▶ **What the task asks**:
Please transcribe the data below exactly. Leave the pictures out.
----- Provided data -----
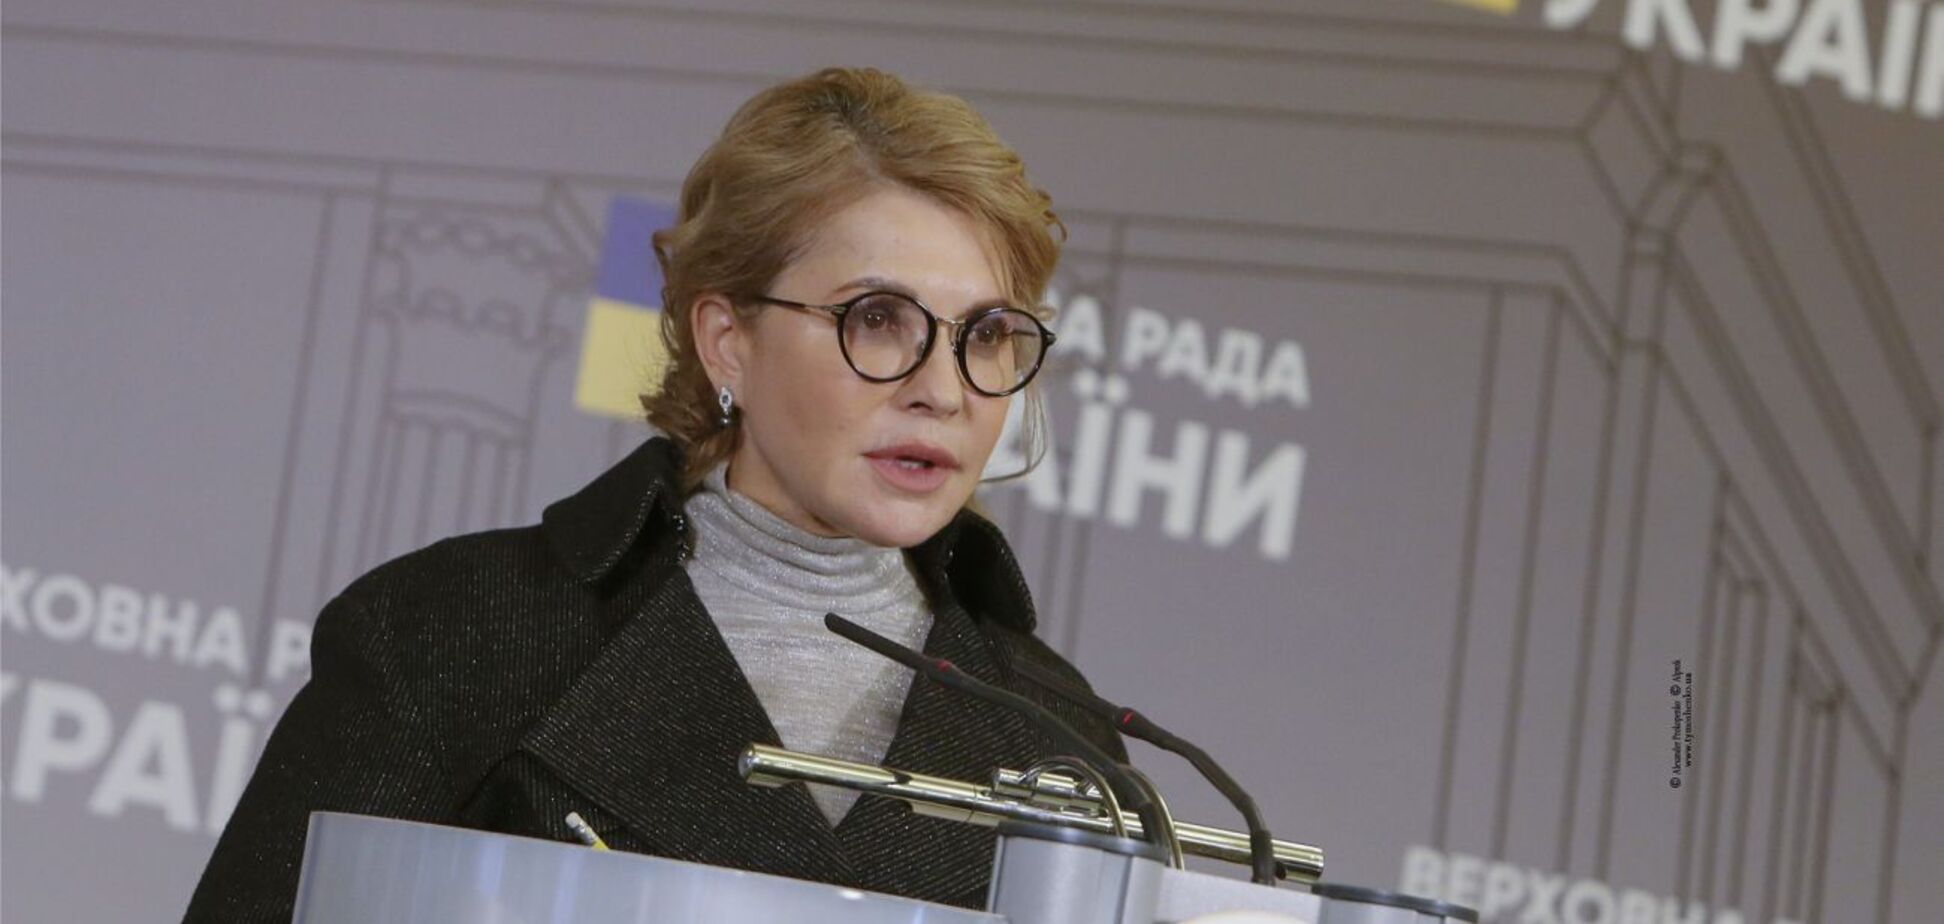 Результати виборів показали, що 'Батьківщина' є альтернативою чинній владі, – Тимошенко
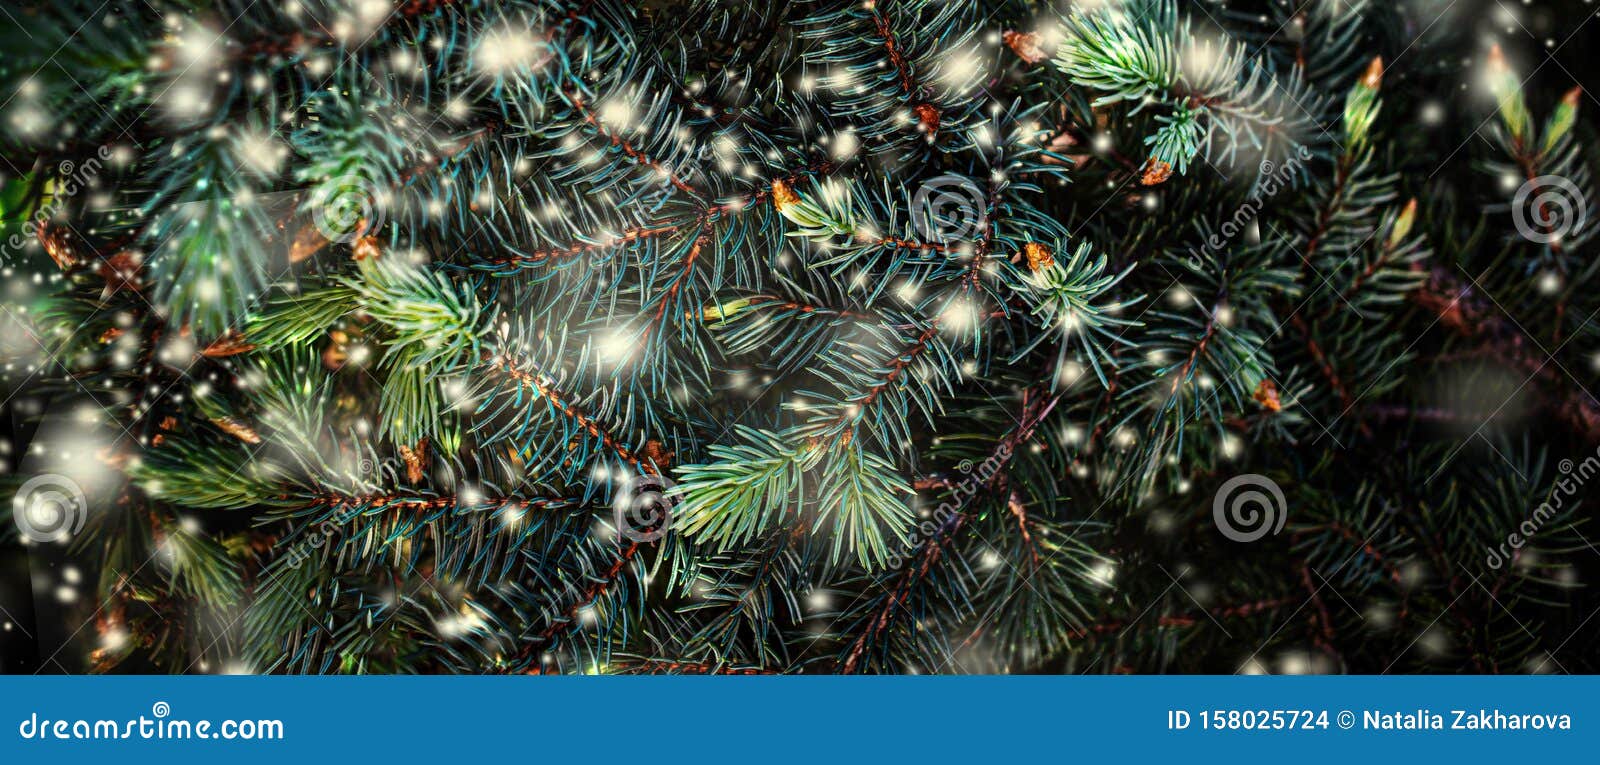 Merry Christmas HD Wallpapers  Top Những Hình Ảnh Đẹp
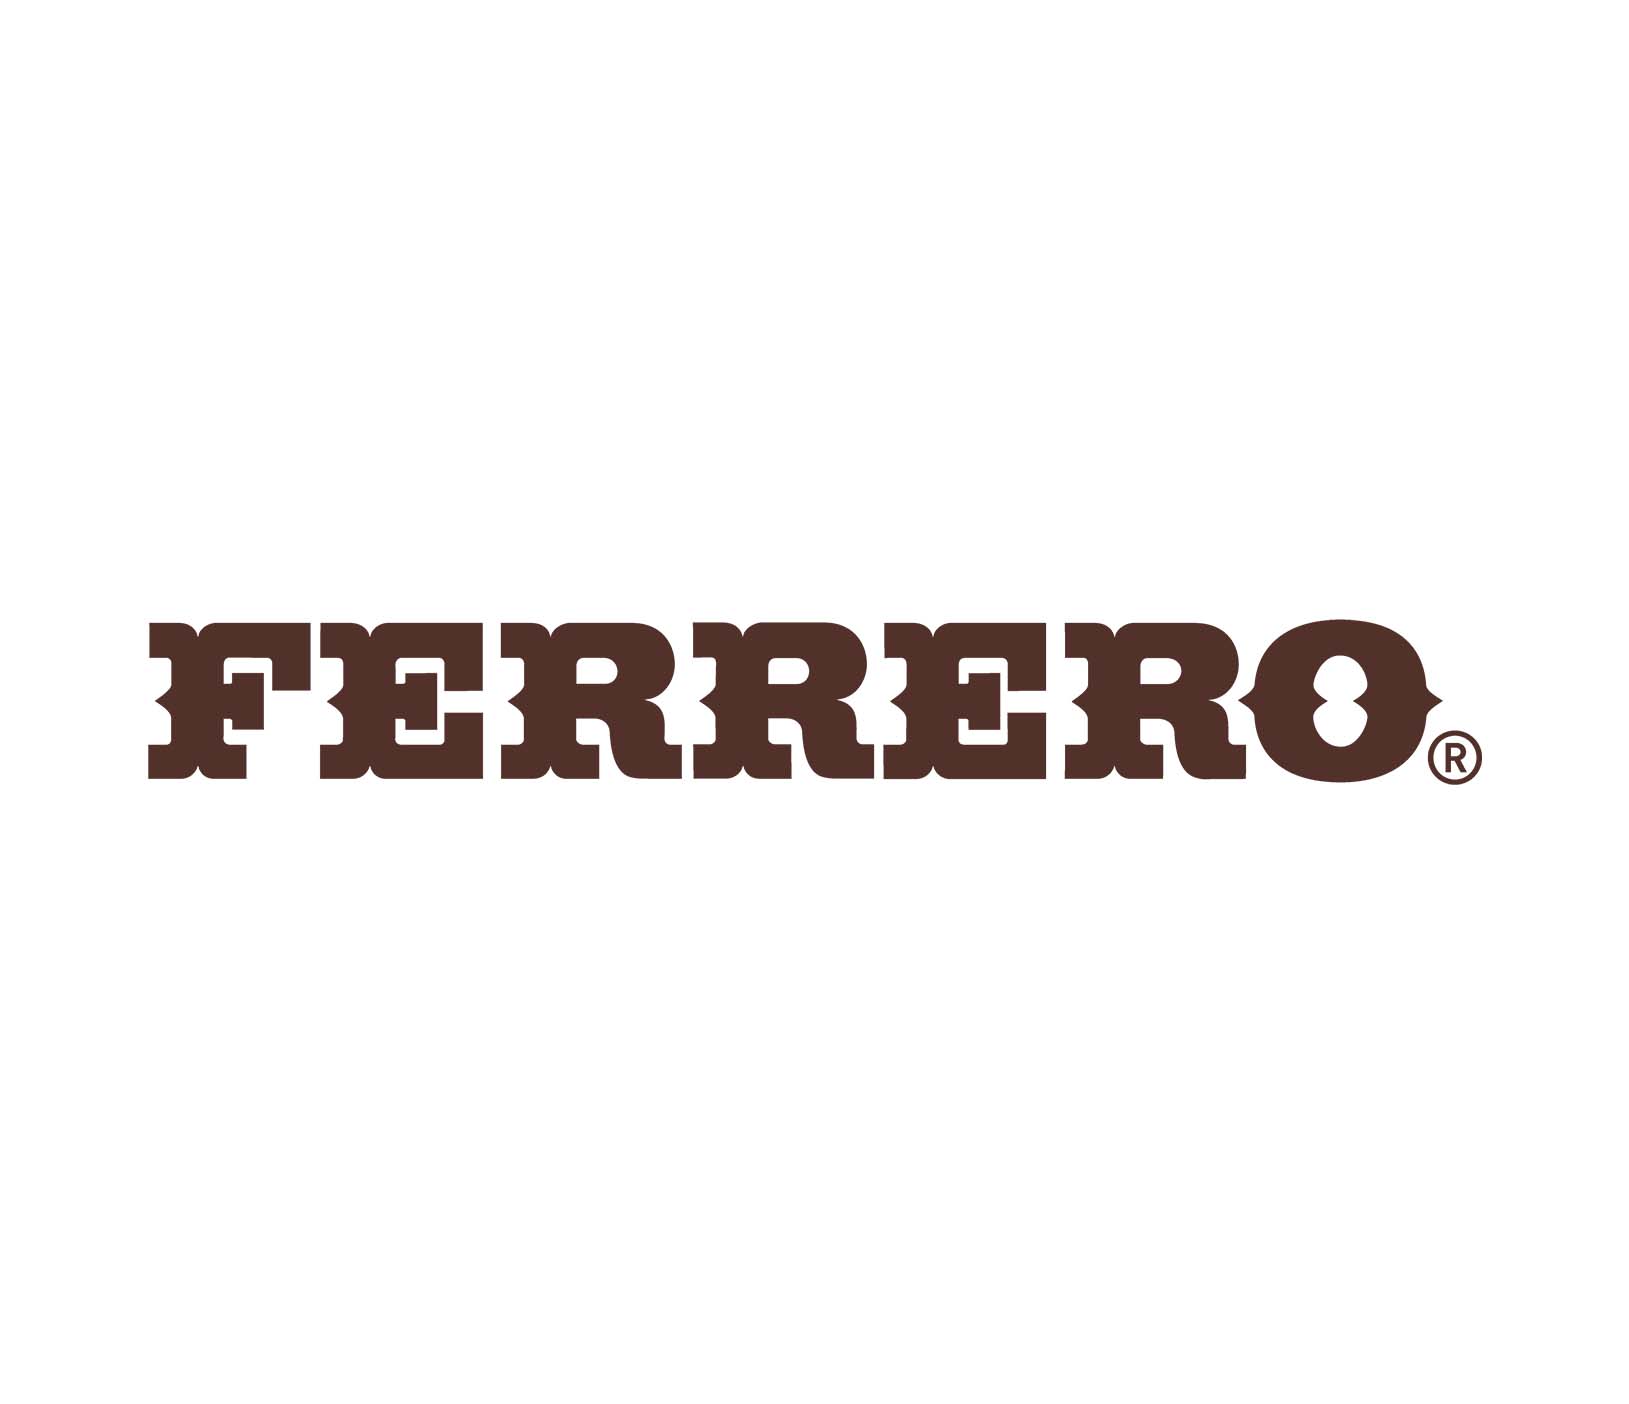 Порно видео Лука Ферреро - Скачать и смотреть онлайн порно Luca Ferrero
-----
▶ **Finished exercise**:
 Результати виборів показали, що 'Батьківщина' є альтернативою чинній владі, – Тимошенко
 Merry Christmas HD Wallpapers  Top Những Hình Ảnh Đẹp
 Порно видео Лука Ферреро - Скачать и смотреть онлайн порно Luca Ferrero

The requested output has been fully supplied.